## Supplied data
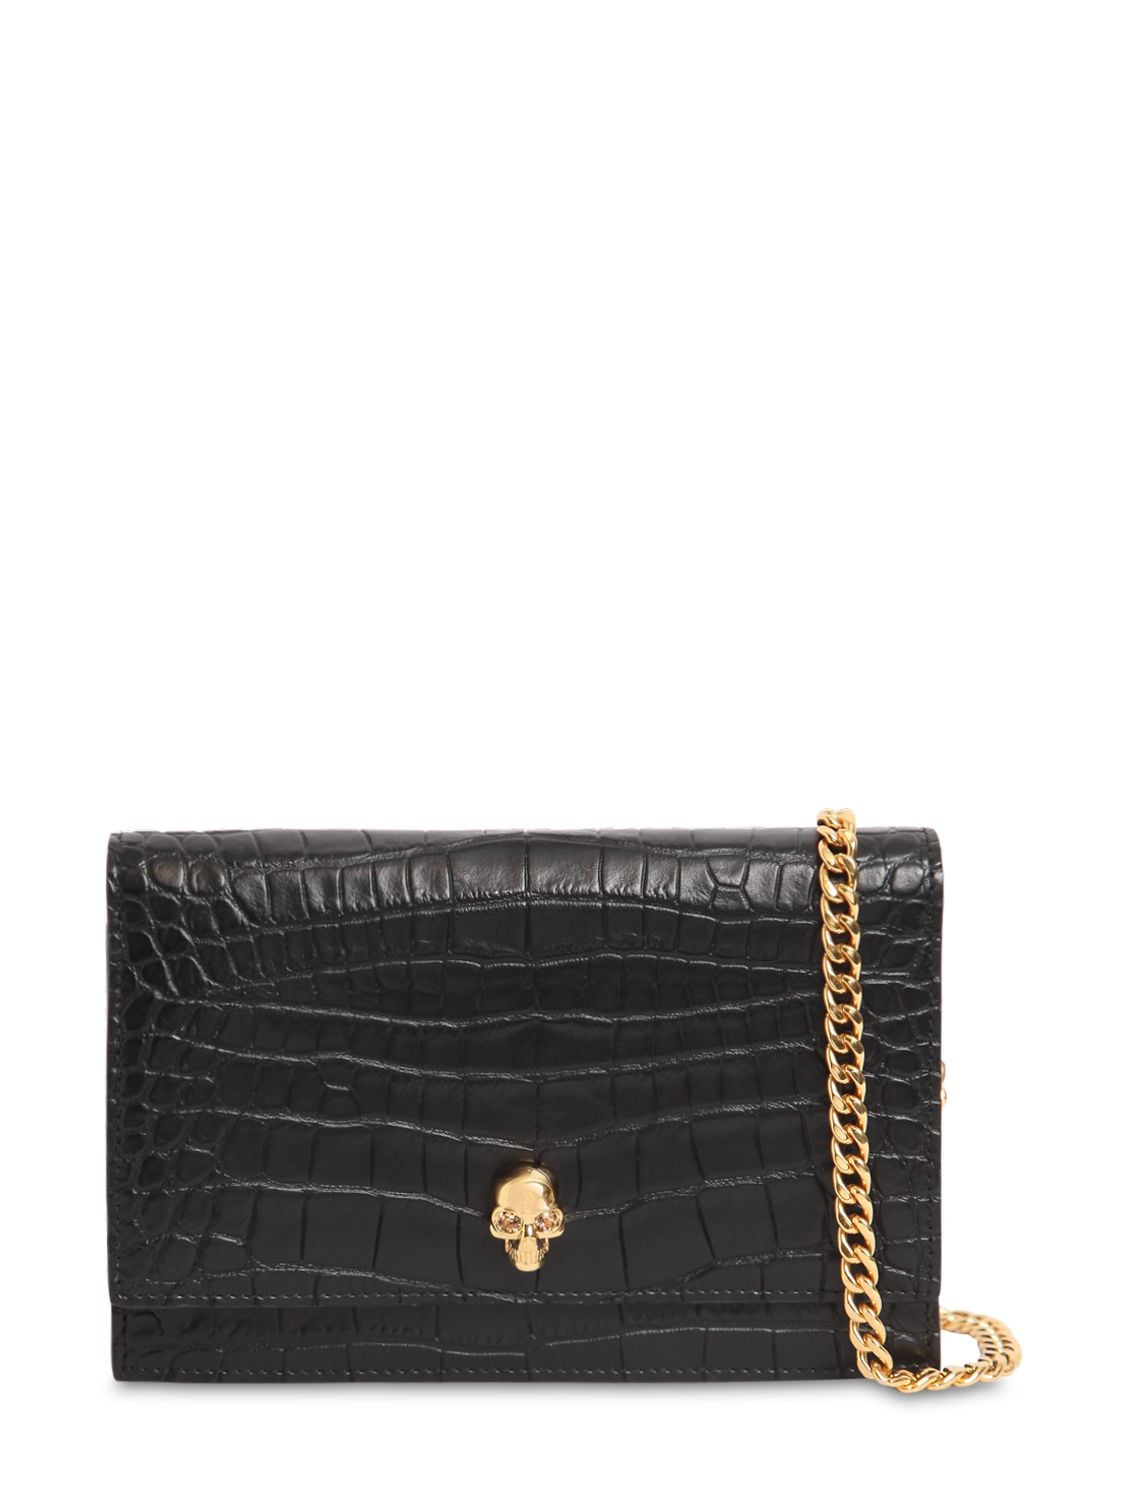 Image of Small Skull Croc Embossed Leather Bag
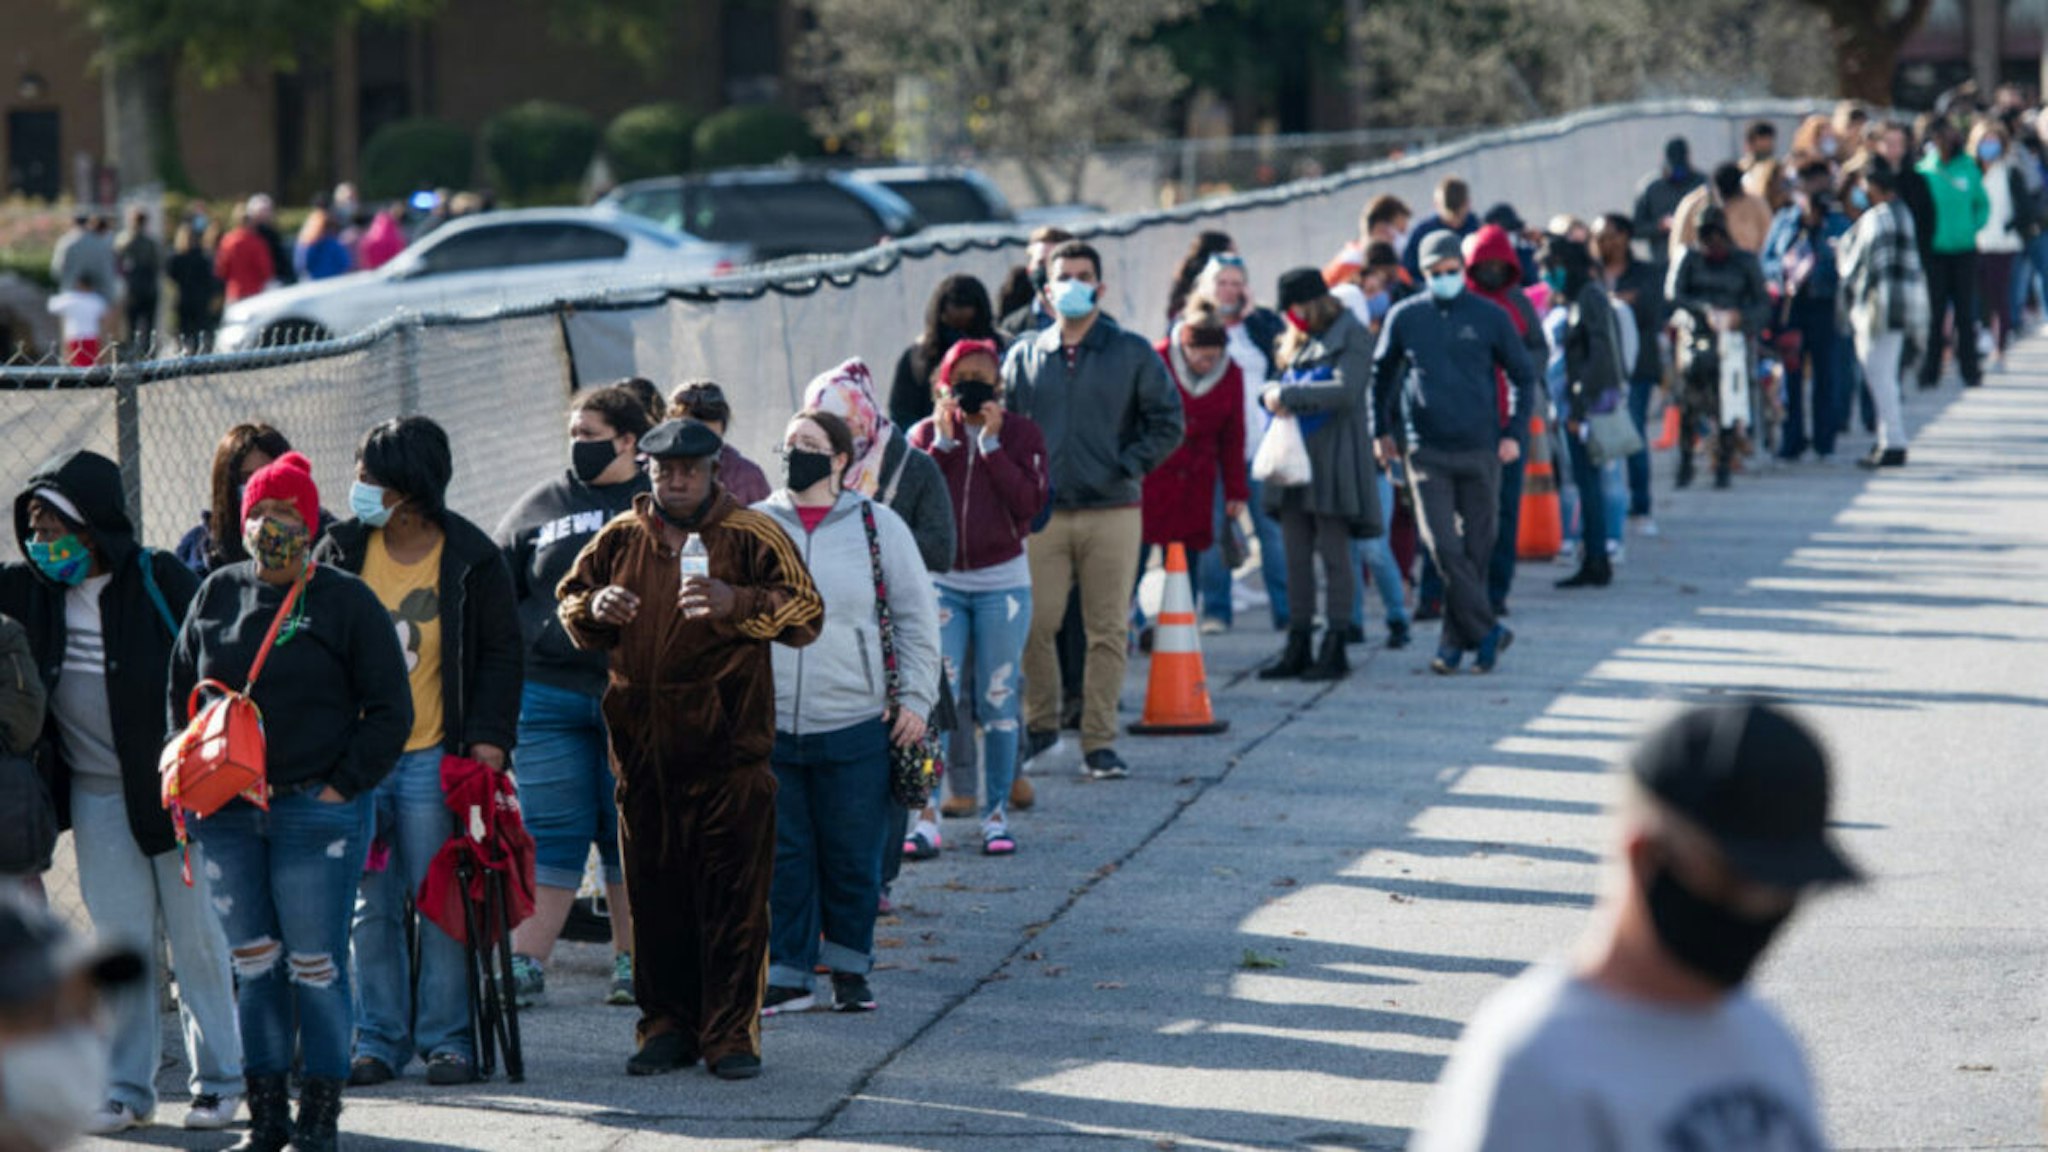 People wait in line to participate in early voting on October 31, 2020 in Greenville, South Carolina. Election Day is November 3.
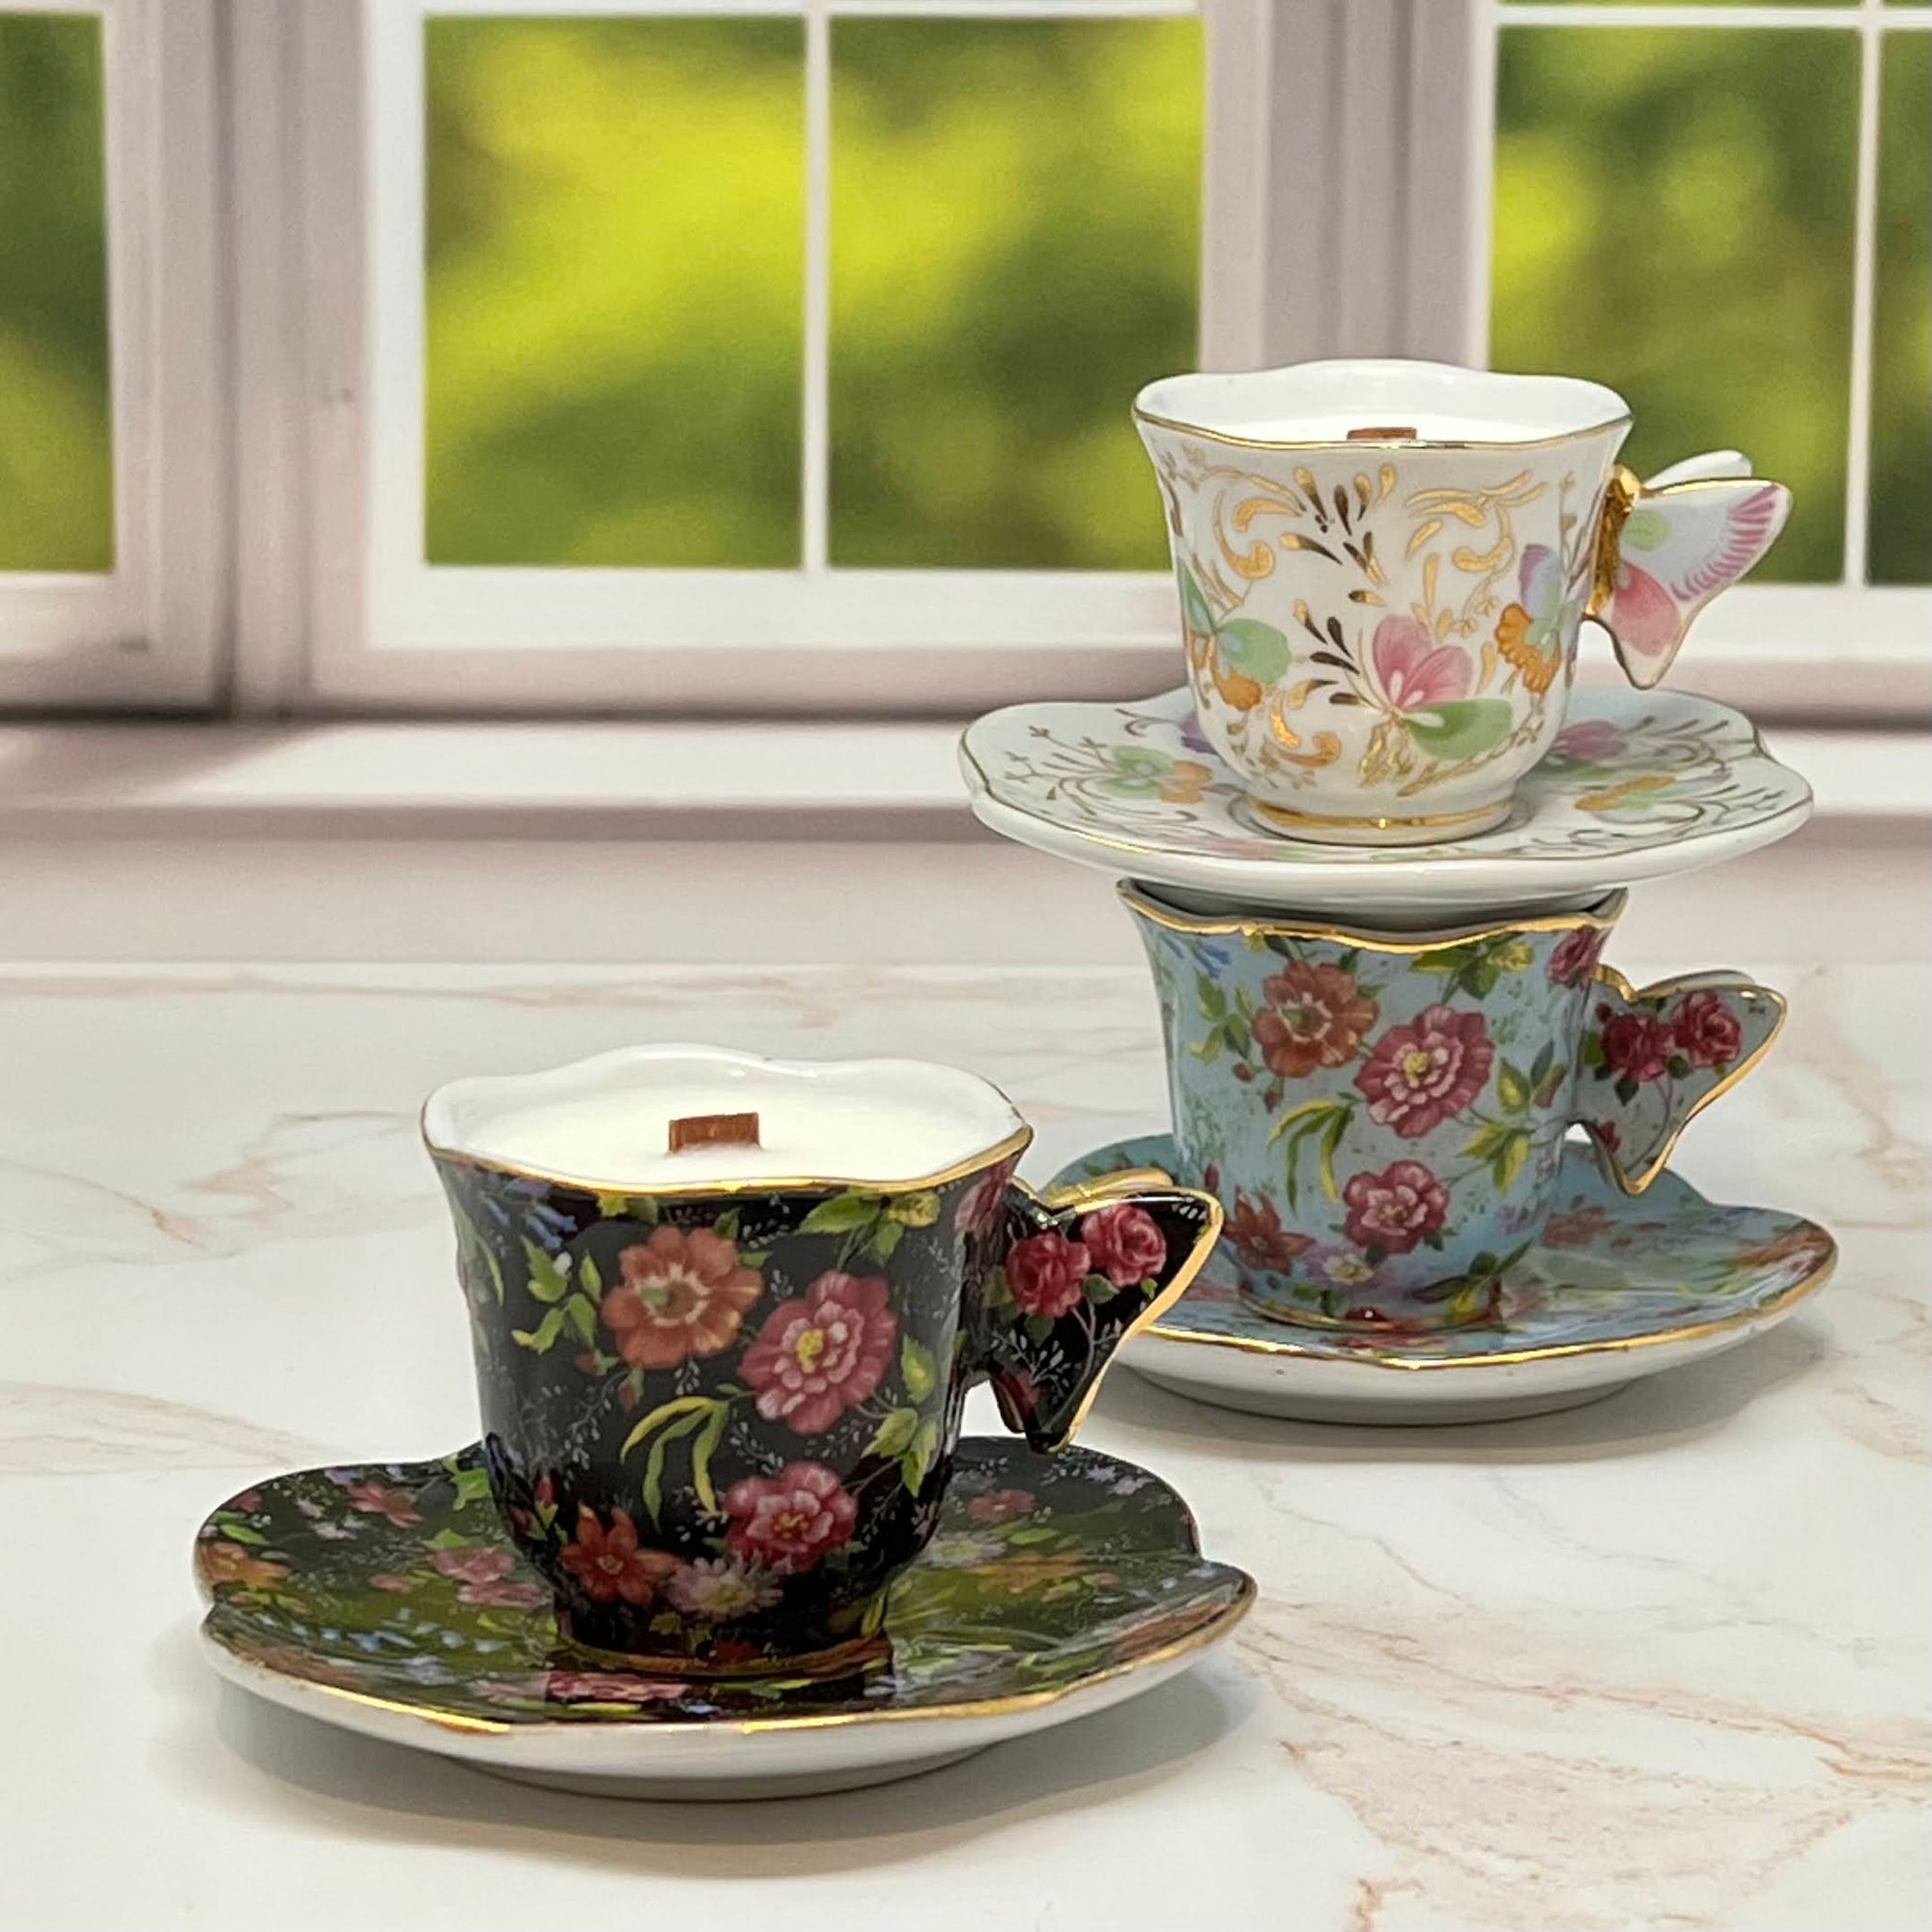 petite scented teacup candle gifts under $100

## What to produce
The listing above is to be set down word for word, without its images.

## Answer below
 Image of Small Skull Croc Embossed Leather Bag
 People wait in line to participate in early voting on October 31, 2020 in Greenville, South Carolina. Election Day is November 3.
 petite scented teacup candle gifts under $100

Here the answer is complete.